First calculate the standard deviation of the sample, using $\begin{align*}\sigma_{\overline{x}}=\frac{\sigma}{\sqrt{n}}\end{align*}$ :
::首先计算样本的标准偏差, 使用 x n 计算 :

\begin{aligned} σ_{\bar{x}} & = \frac{1}{\sqrt{64}} \\ σ_{\bar{x}} & = 0.125 \end{aligned}

$\begin{align*}\sigma_{\overline{x}} &=\frac{1}{\sqrt{64}} \\ \sigma_{\overline{x}} &=0.125\end{align*}$
::======================================================================================================================================= ================================================================================== ============================================================================================================================================================================================================

Since the sample is normally distributed, according to the CLT, we can use the standard deviation of the sample to calculate the z -score of the minimum value in the relevant range, 0.80 hrs:
::由于样本通常分布,根据CLT,我们可以使用样本的标准偏差来计算相关范围0.80小时最低值的z分:

\begin{aligned} Z = \frac{0.80 - 1}{0.125} = - 1.60 \end{aligned}

$\begin{align*}Z=\frac{0.80-1}{0.125}=-1.60\end{align*}$
::0.80-10.10.125 1.60

Finally, we use the z -score probability reference above to correlate the z -score of -1.60 to the probability of a value greater than that
::最后,我们使用上面提到的z-z-scolor 概率参考值,将z-1.60 的z-scor 与值大于 -1.60 的概率联系起来。

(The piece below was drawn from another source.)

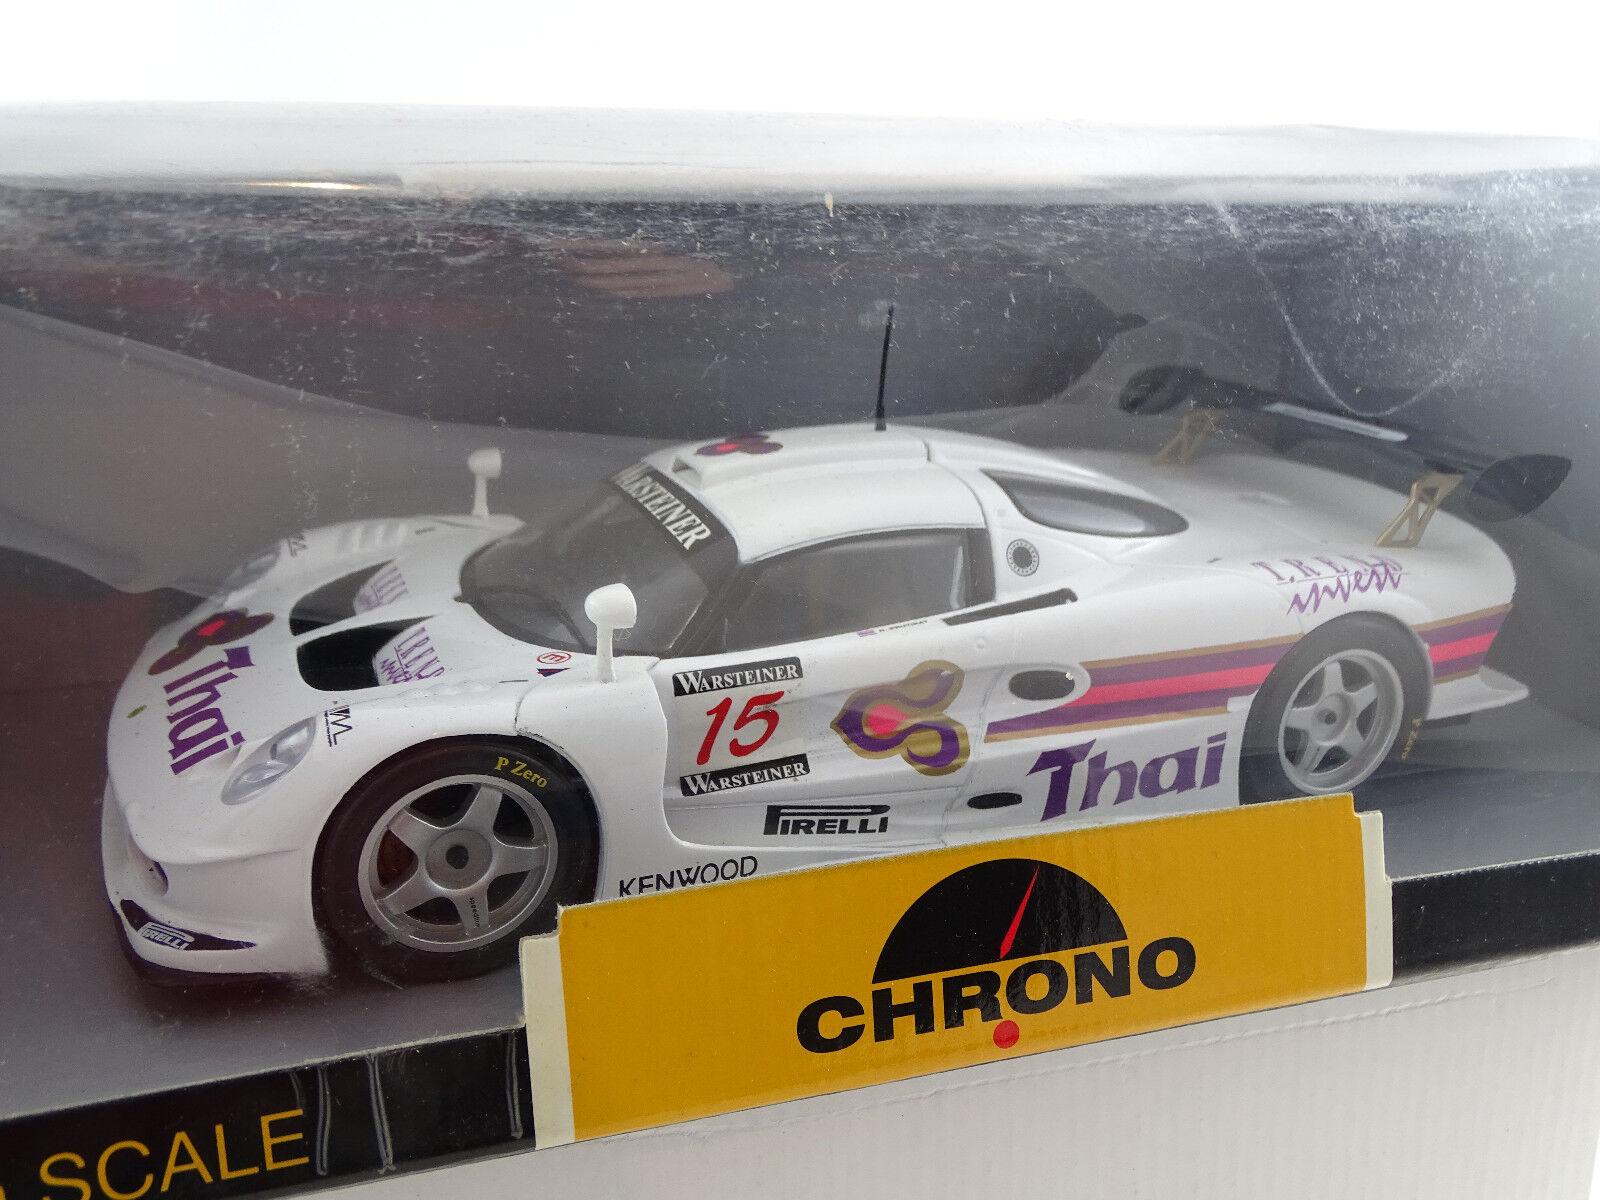 1 18 Chrono  h1072 LOTUS elise gt1 Thai R. Prutirat 1997  15 Limited RAR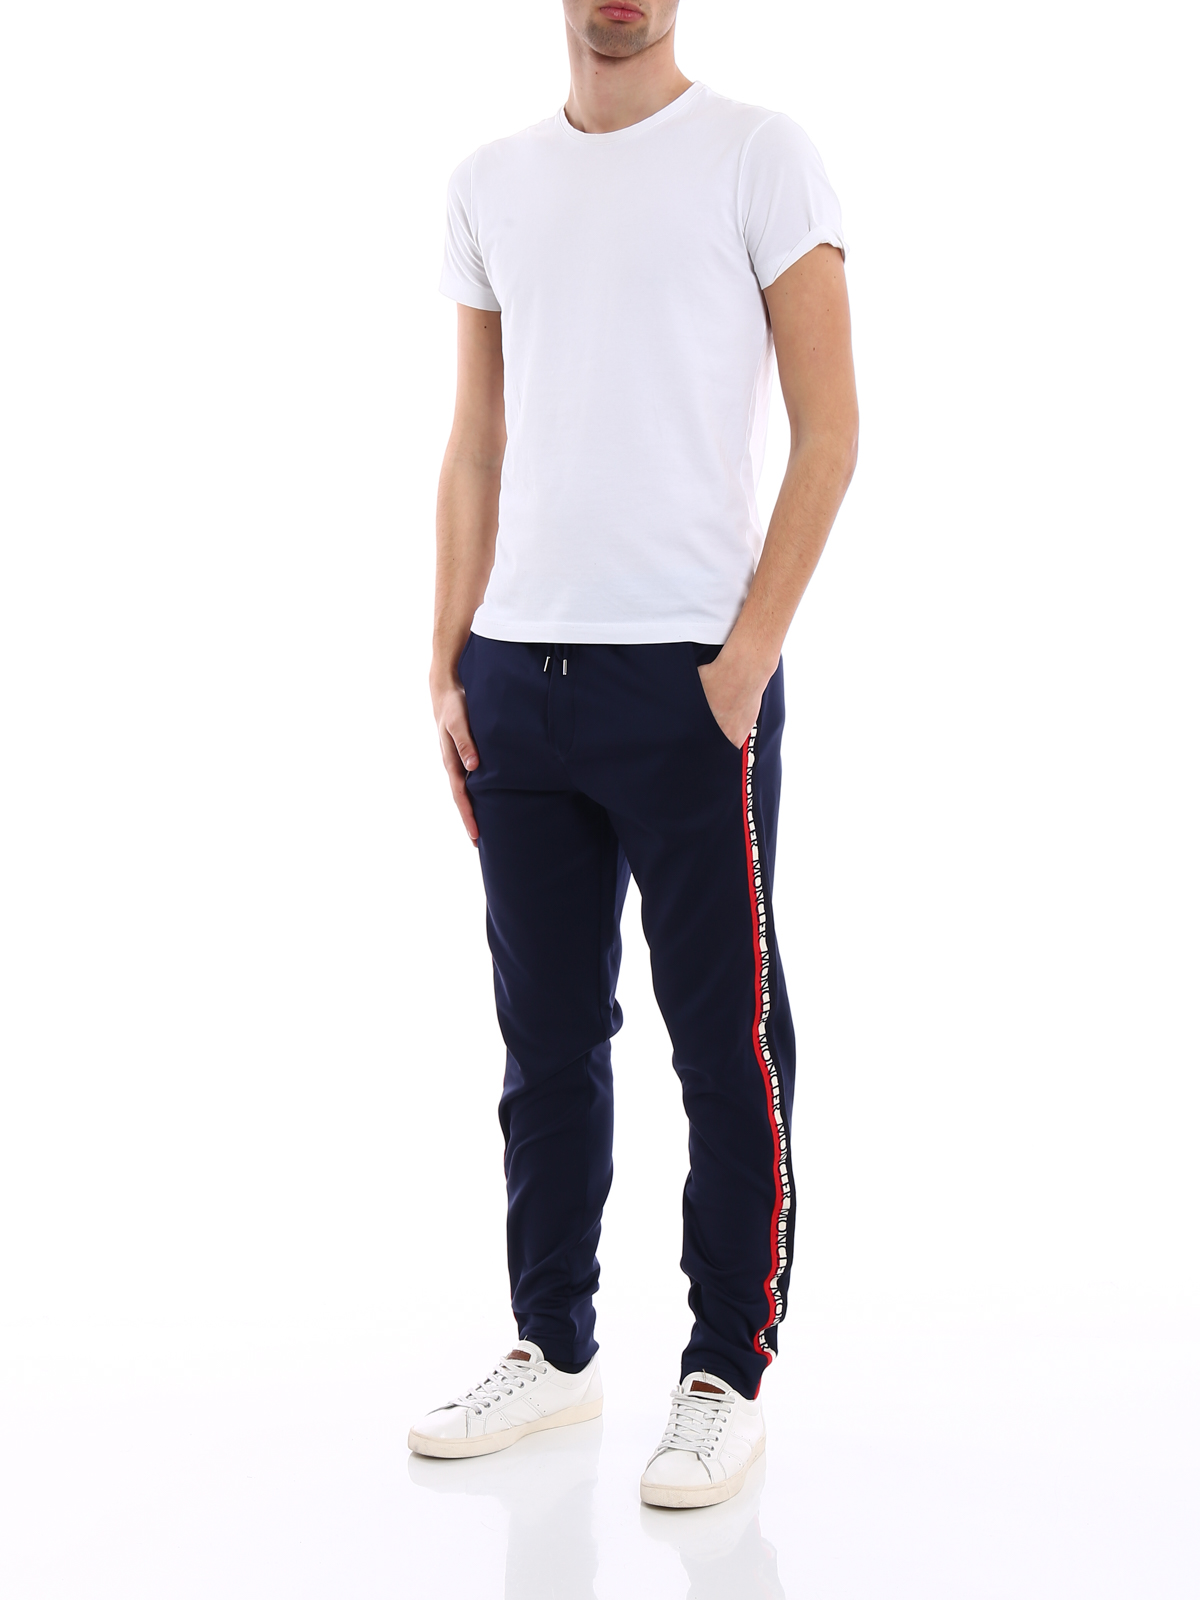 pantaloni moncler uomo

\begin{aligned} P (Z \geq - 1.6) = .9452 o r 94.52 % \end{aligned}

$\begin{align*}P(Z \ge - 1.6)=.9452 \ or \ 94.52 \%\end{align*}$
::P(1.6)=.9452或94.52%

Real-World Application: Online Auctions
::真实世界应用程序:在线拍卖

Evan price-checked 123 online auction sellers to record their average asking price for his favorite game. According to a major nation price-checking site, the national average online auction cost for the game is $35.00 with a standard deviation of $3.00. Evan found the prices less than $34.86 on average. How likely is this result?
::Evan价格检查了123个在线拍卖卖主,记录了他们为他最喜欢的游戏平均索价。根据一个主要的国家物价检查网站,该游戏的全国平均在线拍卖成本为35美元,标准偏差为3.00美元。 Evan发现平均价格低于34.86美元。结果如何?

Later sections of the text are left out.